The NH Turin Lingotto Congress hotel represents another step in the right direction. The former Fiat factory was transformed into 240 high-ceilinged rooms, some of whose immense windows open onto the Alps or look out on a charming garden below. But all across the region, other hotels in Northern Italy, no matter how old, are embracing urban revitalization and advanced renewable-energy solutions. The use of solar photovoltaic panels at Castello di Guarene, an 18th-century castle originally built for the counts of Roero atop a hill just outside of Alba, have led to CO2 savings of approximately 4,000 tons a year—the equivalent of a thousand cars’ annual emissions. It’s easy to fall asleep in one of this Relais & Chateaux palace’s 15 suites when you realize that preserving deep historical roots can also mean being eco-friendly.
Another climate champion is the fairy-tale Bellevue Hotel & Spa in Cogne, an art-filled heritage site from 1925 inside the Aosta Valley’s Gran Paradiso National Park. Having eliminated most single-use plastics on its premises, it also built a system that allows the property to serve only pure glacier water from the park. And in line with Slow Food guidelines, its three excellent on-site restaurants all feature “zero-kilometer” cooking, meaning dishes using ingredients that have been sourced from the immediate vicinity.
What is now the oldest national park in Italy, Gran Paradiso became a 173,715-acre preserve in 1922 when King Vittorio Emanuele II donated it to the state for that purpose. (He’d previously declared the area a royal hunting reserve to save the alpine ibex, a species of wild mountain goat that was on the verge of extinction.) As a result of that forward-thinking decision, as well as a later prohibition on building in protected areas, the meadows here are still carpeted in wildflowers in the summer, and those hiking in the park often spot herds of ibex or chamois. The Gran Paradiso certification program has helped Bellevue and others in their sustainability efforts, making Cogne—a hamlet that attracts hikers, ice climbers, and seekers of old-school Italian countryside cooking—a surprisingly pleasurable green destination.
One of the finest Slow Food dining experiences in all of Italy can be found right around the corner from Bellevue at Lou Ressignon. It offers soul-satisfying, hearty Aostan fare such as beef carbonade on rustic polenta, or the house specialty, a local fontina-laced risotto called seupetta a la Cogneintse. “These are the dishes we’ve always eaten in Cogne,” says Elisabetta Allera, whose father, Arturo, opened Lou Ressignon in 1966. In an Italy turning toward renewable solutions and zero-waste options, it’s refreshing to know that those timeless plates are still made the same way today.

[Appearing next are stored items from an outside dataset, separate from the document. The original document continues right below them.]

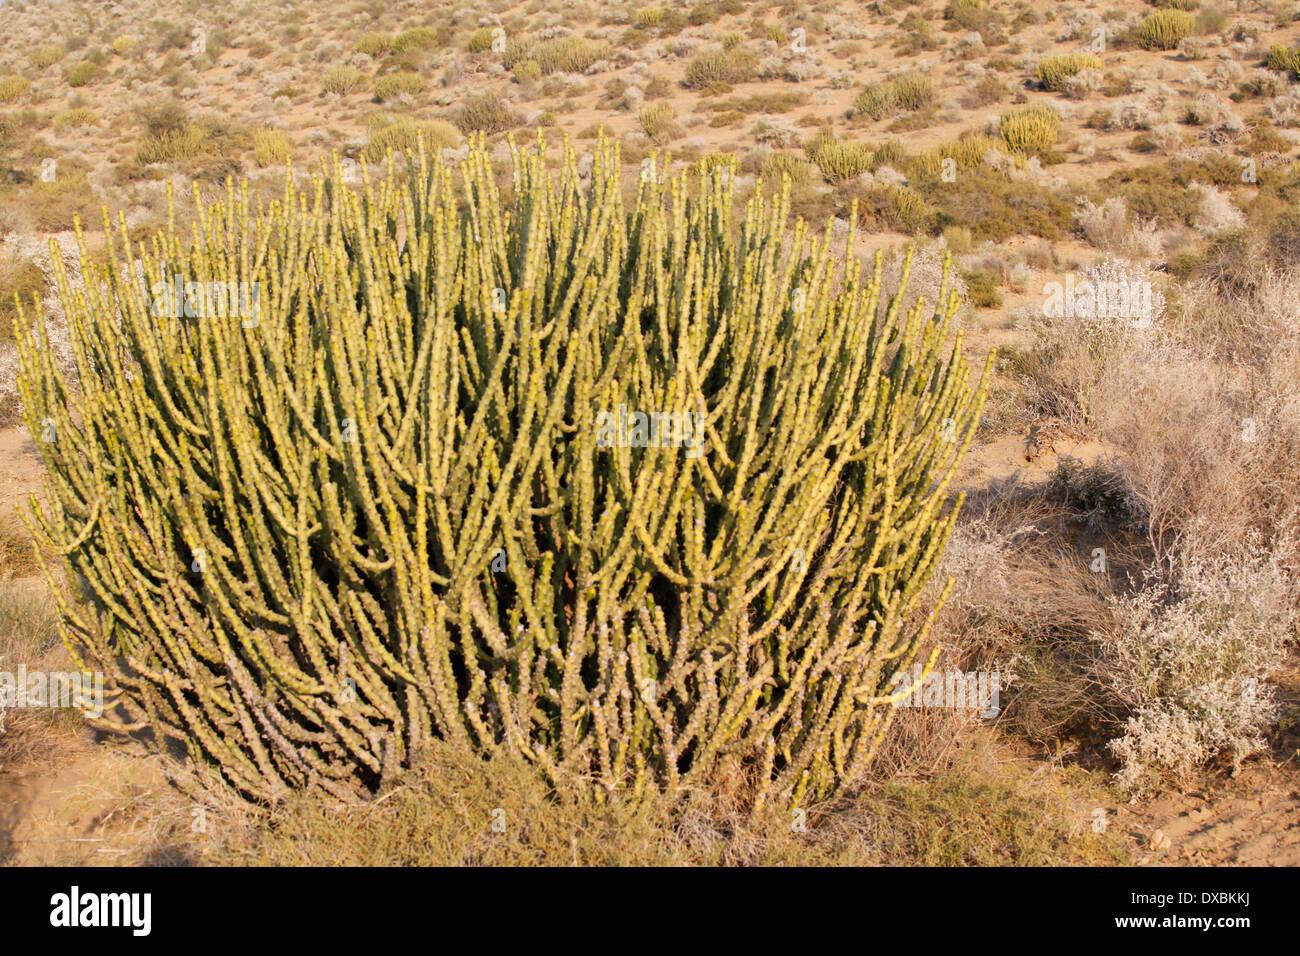 Cactus. Thar desert, Jaisalmer. Rajasthan, India Stock ...
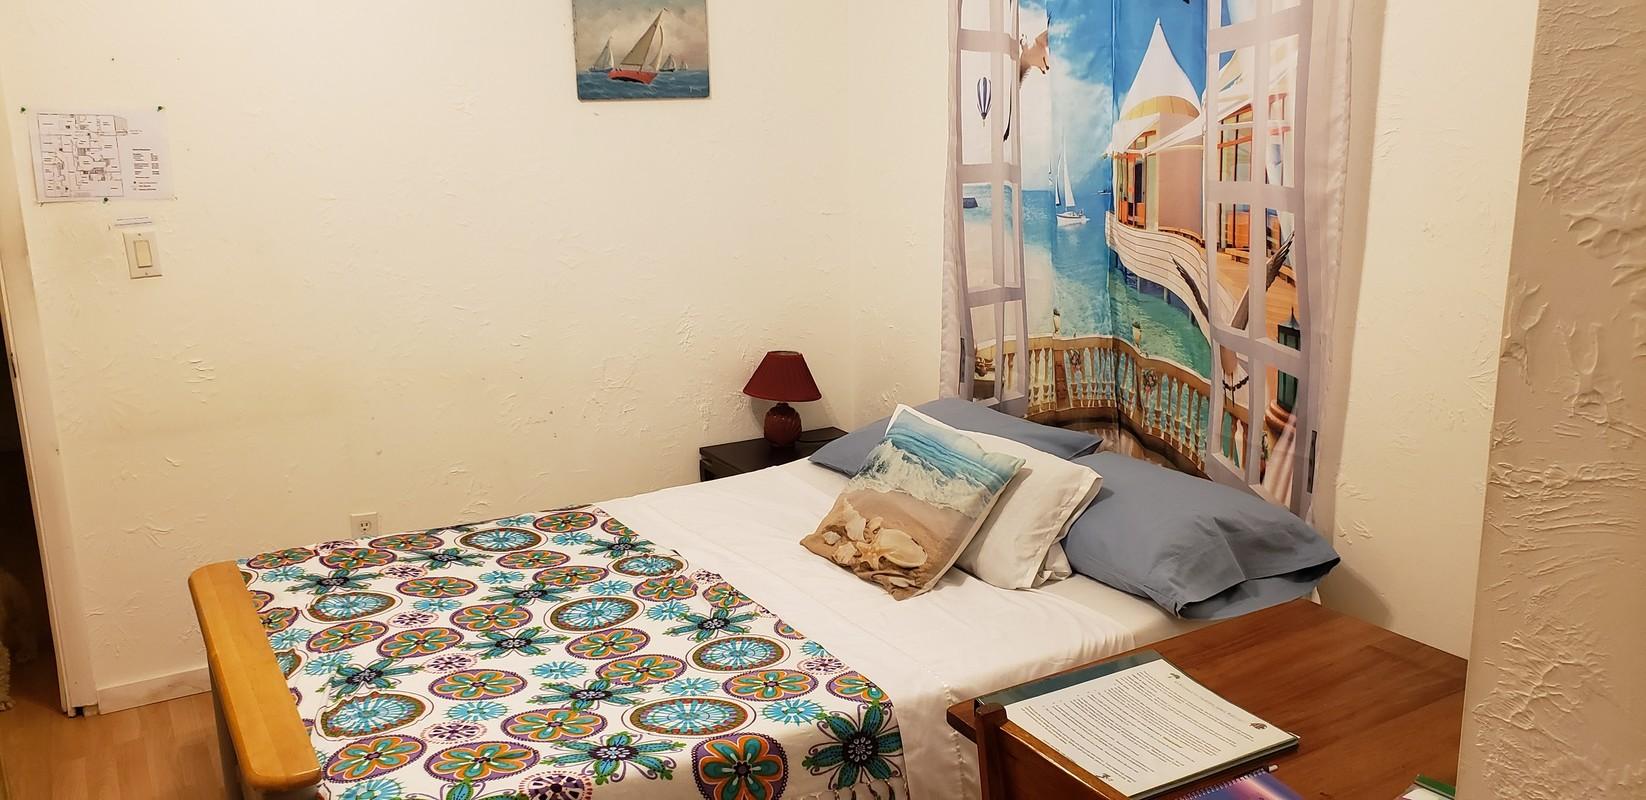 Grecian room
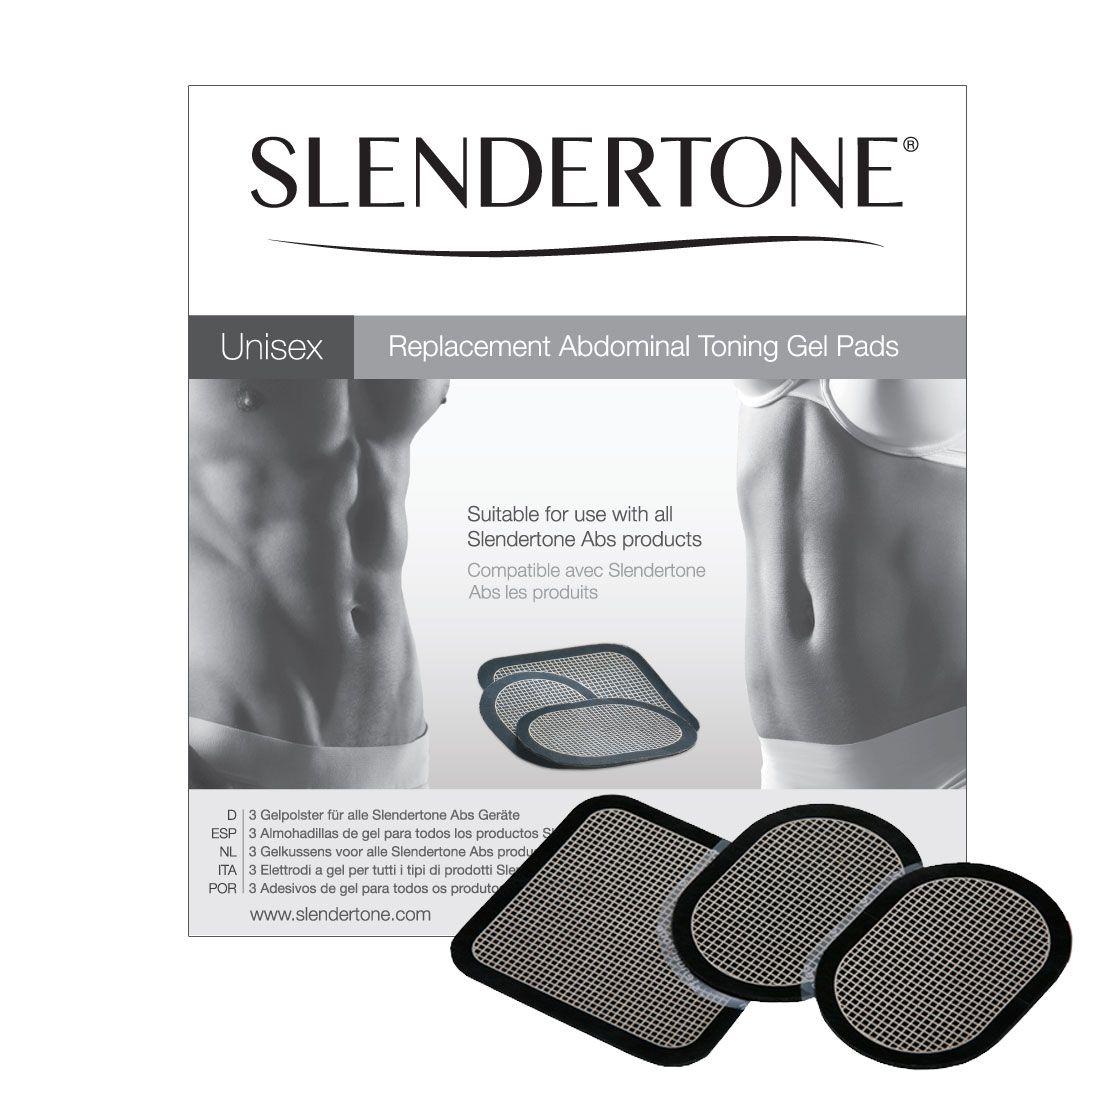 Slendertone Electrodes Abs8, Abs7, Abs6, Abs5, Connect Abs, et Abs3. 2 achetés = 1 offert !

On the drive from the Aosta Valley back to Turin, I turned off the A5 to visit the historic vineyards of Cantina dei Produttori Nebbiolo di Carema, a Slow Food winemaking cooperative that offers tastings and bottles for sale at its town-center cantina. These traditional mountain vineyards were designed to withstand harsh meteorological conditions—which today also protects them against climate change. Surveying the vines and the towering Alps in every direction, I couldn’t help feeling that, no matter what the future holds, in this part of Italy, at least, it is certain to be delicious. As I reached into the pocket of my jacket, I noticed something rattling around: It was a small packet of seeds from Piazza Duomo in Alba, a gift given to every diner at the end of their meal. Changing our ways takes time, but as I’ve learned through my own slow travel, every step counts.